====== SUPPLIED DATA ======

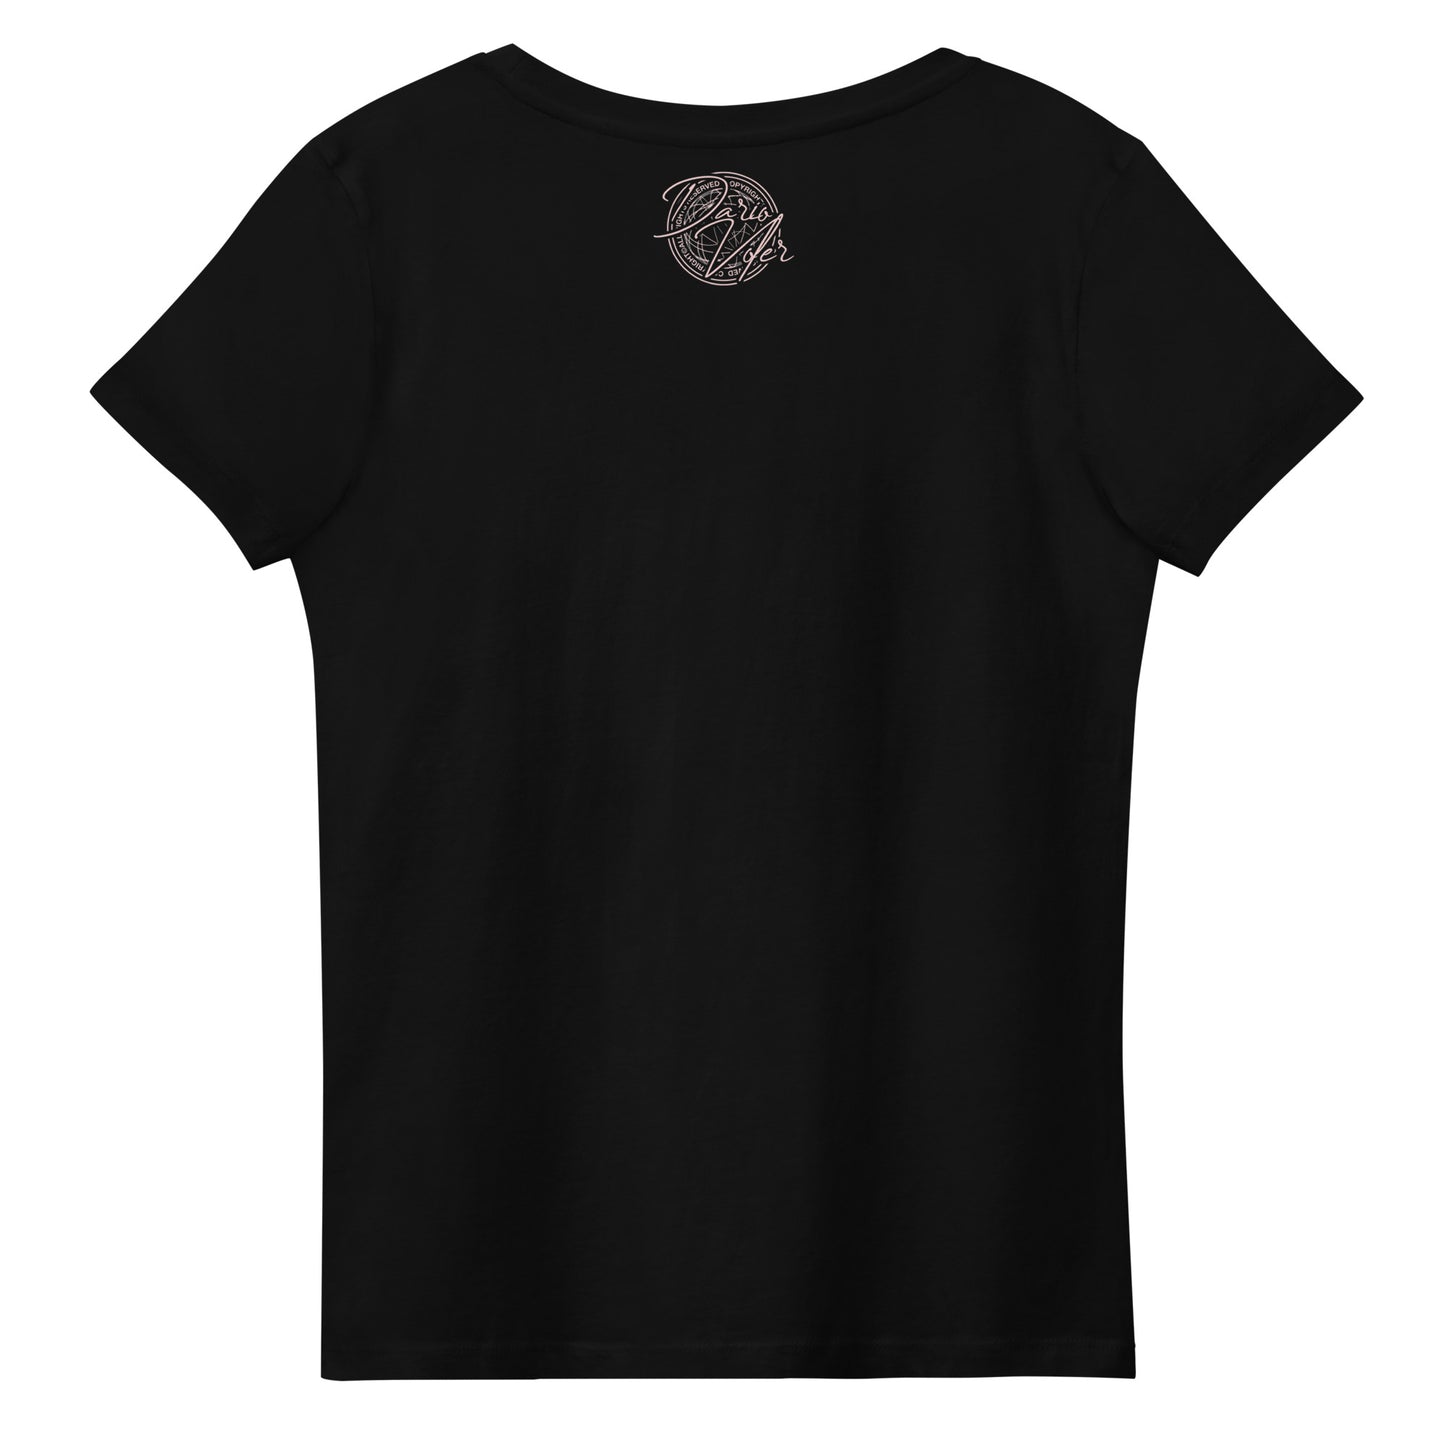 Women's Hustle Unleashed fitted tee
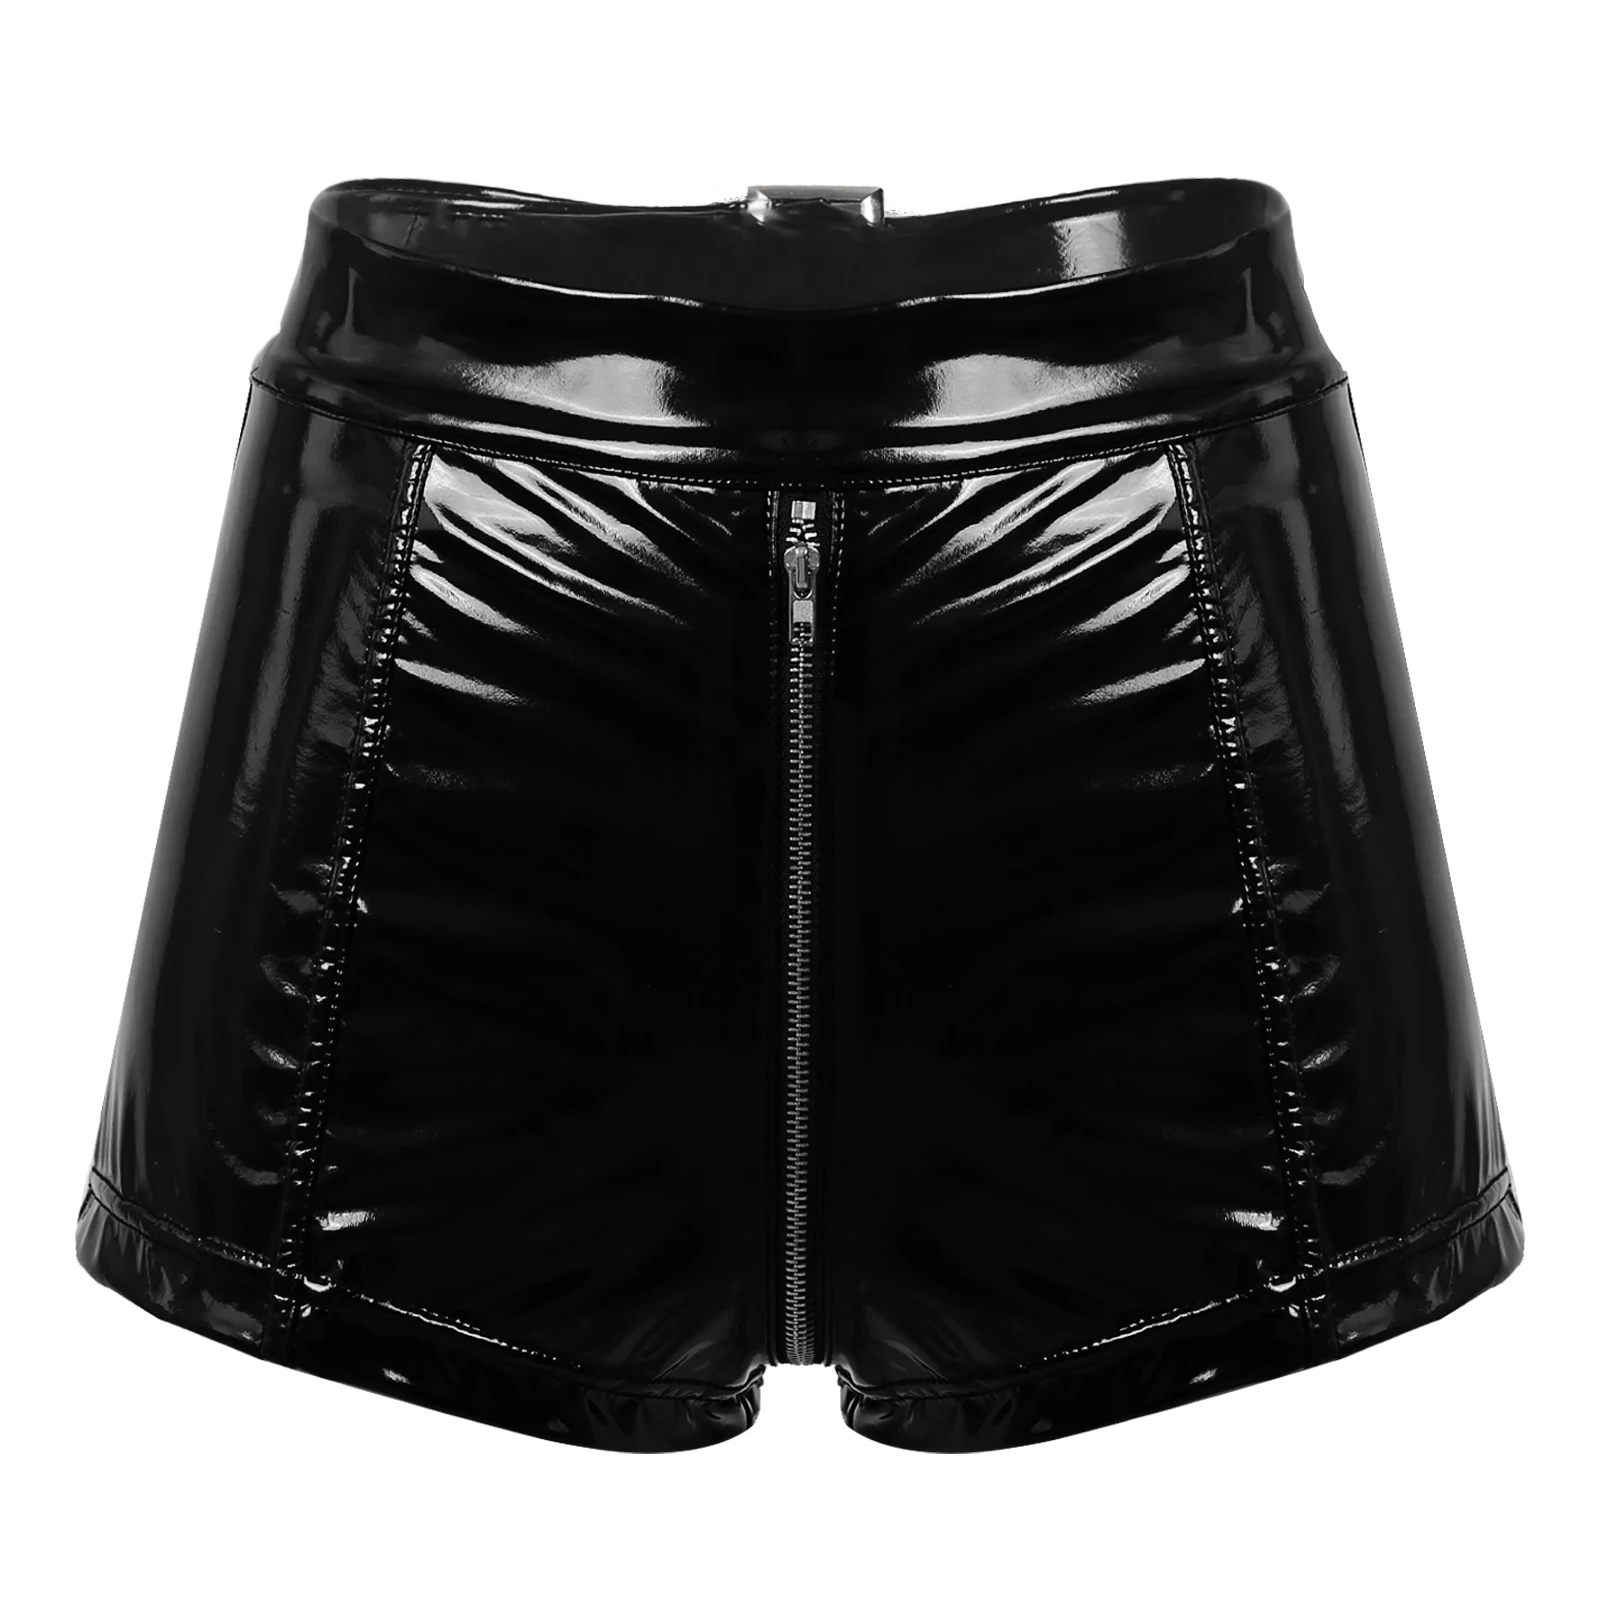 Womens Wet Look Patent Leather Hot Pants Pole Dance Rave Costumes ...
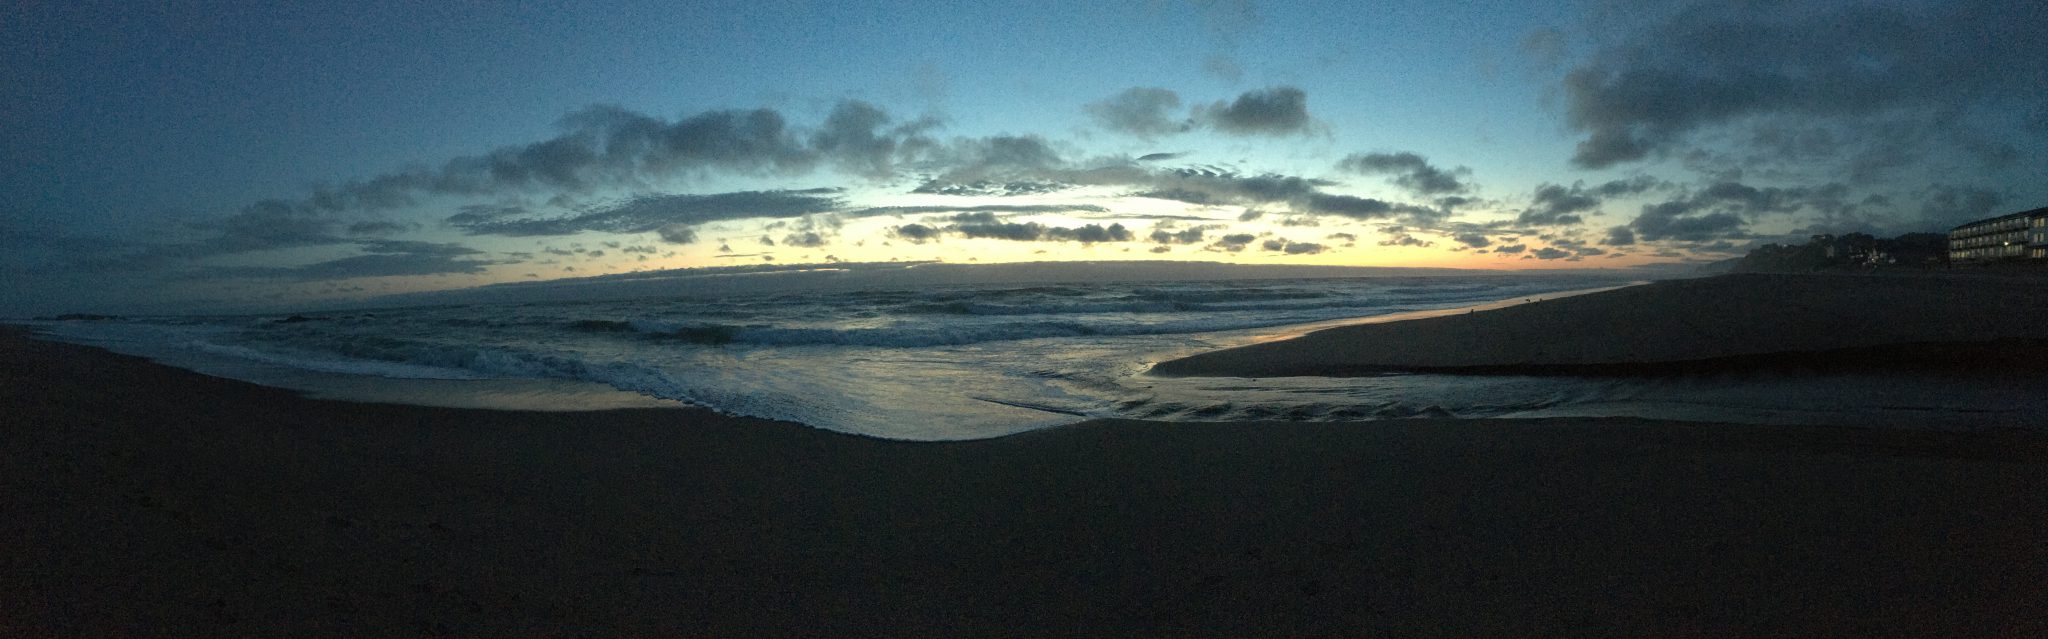 Sunset on the beach - Lincoln City

======

## TASK ITEM
The required output consists only of the lines from the one containing "Womens Wet Look" to the last line of the material, reproduced exactly, pictures excluded.

## TASK SOLUTION
 Womens Wet Look Patent Leather Hot Pants Pole Dance Rave Costumes ...
 Sunset on the beach - Lincoln City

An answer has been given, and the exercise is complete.